Running docker-compose up (add -d if you want it to run in the background) in /srv/my-website.com should now start an Nginx server statically serving files in /public as well as a GitHub runner. You can test that it works by putting anything into a index.html file in /public and visiting my-website.com/index.html. To confirm that the GitHub runner is working visit your repo, go to to 'Settings', 'Actions' and then 'Runners' where it should now show up.
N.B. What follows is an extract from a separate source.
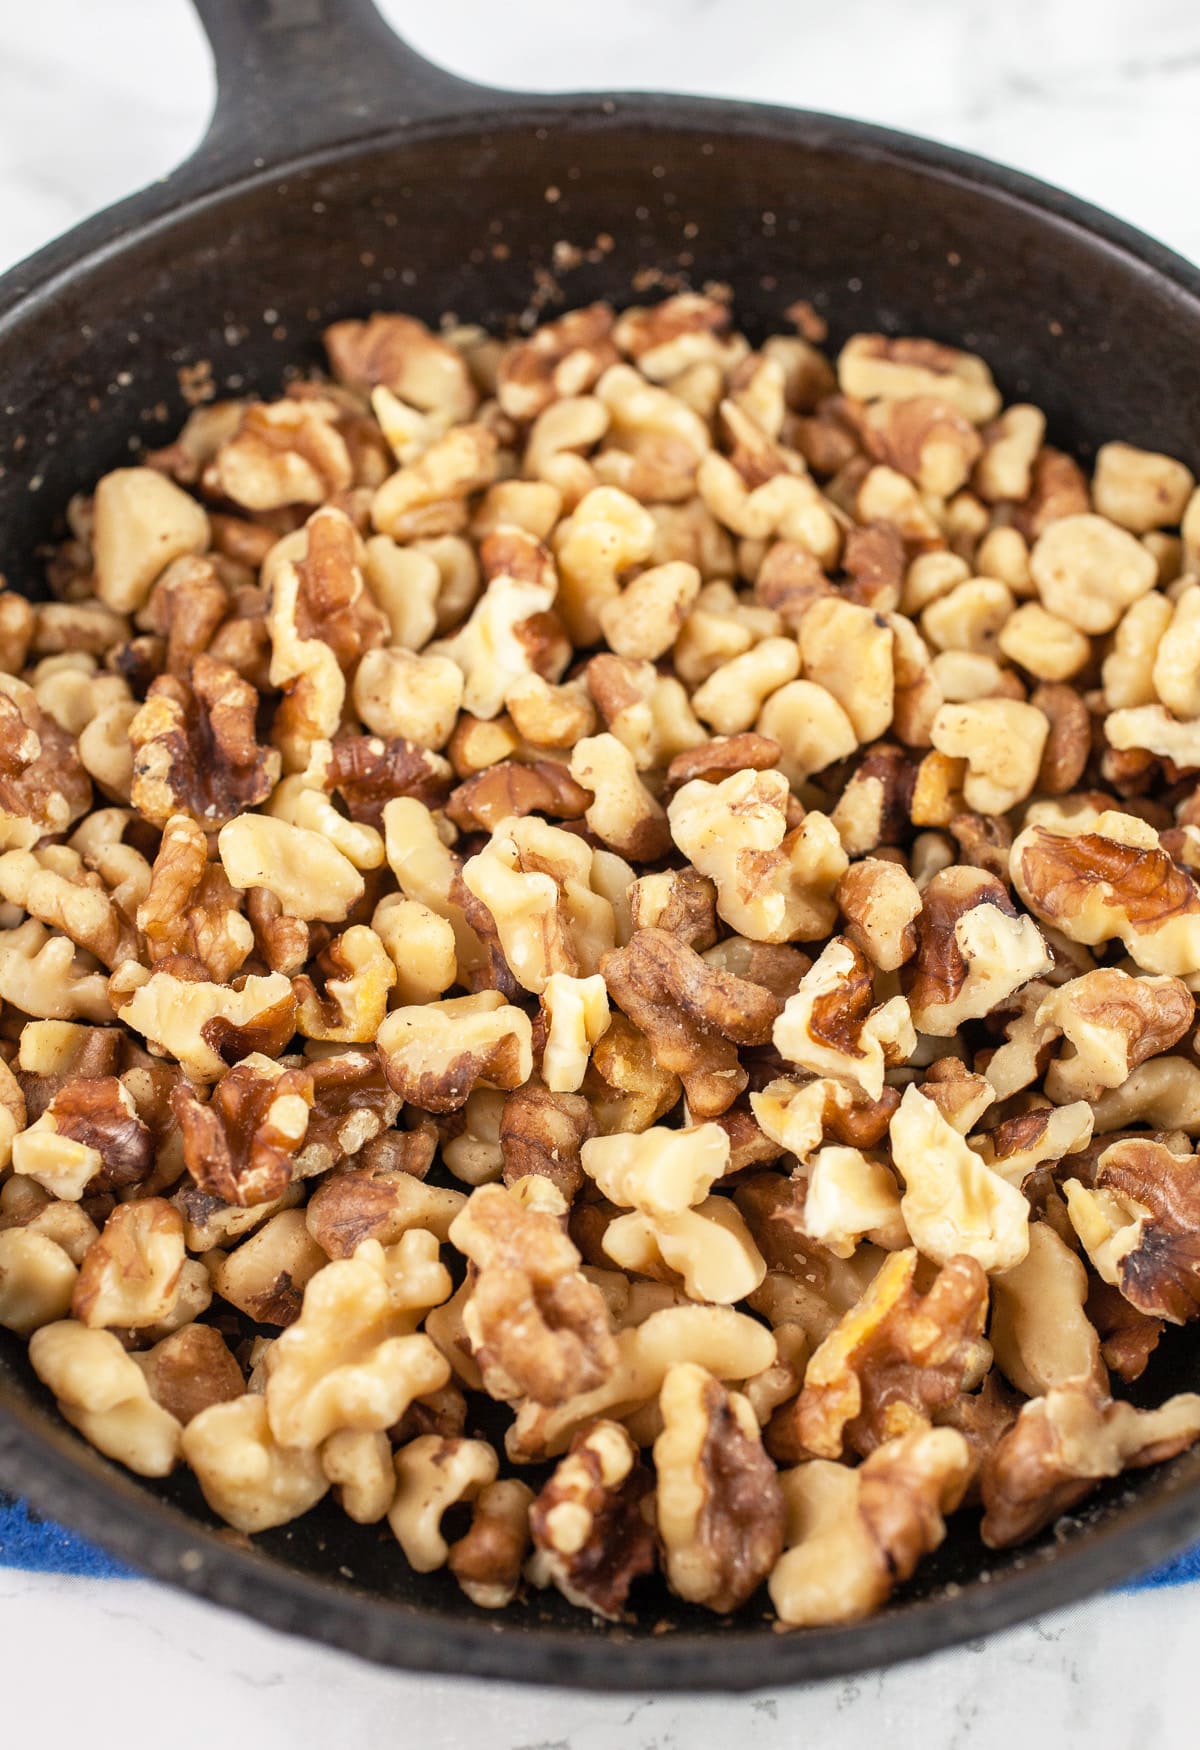 Toasted chopped walnuts in cast iron skillet.

Step 5: Create the GitHub Action

In the repo containing your Zola project create the directories .github/workflows/:

mkdir -p .github/workflows/

Then add a file called zola.yml:

name: Zola

on:
  push:
    branches: [master]

jobs:
  build:
    runs-on: self-hosted
    steps:
      - name: Checkout
        uses: actions/checkout@v2
      - name: Zola Build
        run: zola build
      - name: Save Artifact
        uses: actions/upload-artifact@v2
        with:
          name: public
          path: public/
  deploy:
    needs: build
    runs-on: self-hosted
    steps:
      - name: Downloads public Artifact
        uses: actions/download-artifact@v2
        with:
          name: public
      - name: Deploys to server
        uses: burnett01/rsync-deployments@4.1
        with:
          switches: -ahvze --delete
          path: public/
          remote_path: /srv/my-website.se/public/
          remote_host: ${{ secrets.HOST }}
          remote_user: ${{ secrets.USERNAME }}
          remote_key: ${{ secrets.KEY }}
          remote_port: ${{ secrets.PORT }}

This described an GitHub Action with two jobs. The first job is called build and first builds the project and then saves the resulting /public folder as an artifact. The second job called deploy waits for build to complete and then downloads the /public folder artifact and uses rsync to only copy the changes over to your server (including removing files). If all the steps have been followed correctly you should now be able to push to the master branch of your repo and automatically have the website deployed!

GitHub secrets can be used by everyone with collaborator access to your repository so only use this on repositories where it would be safe. They can not be used by pull requests from forks.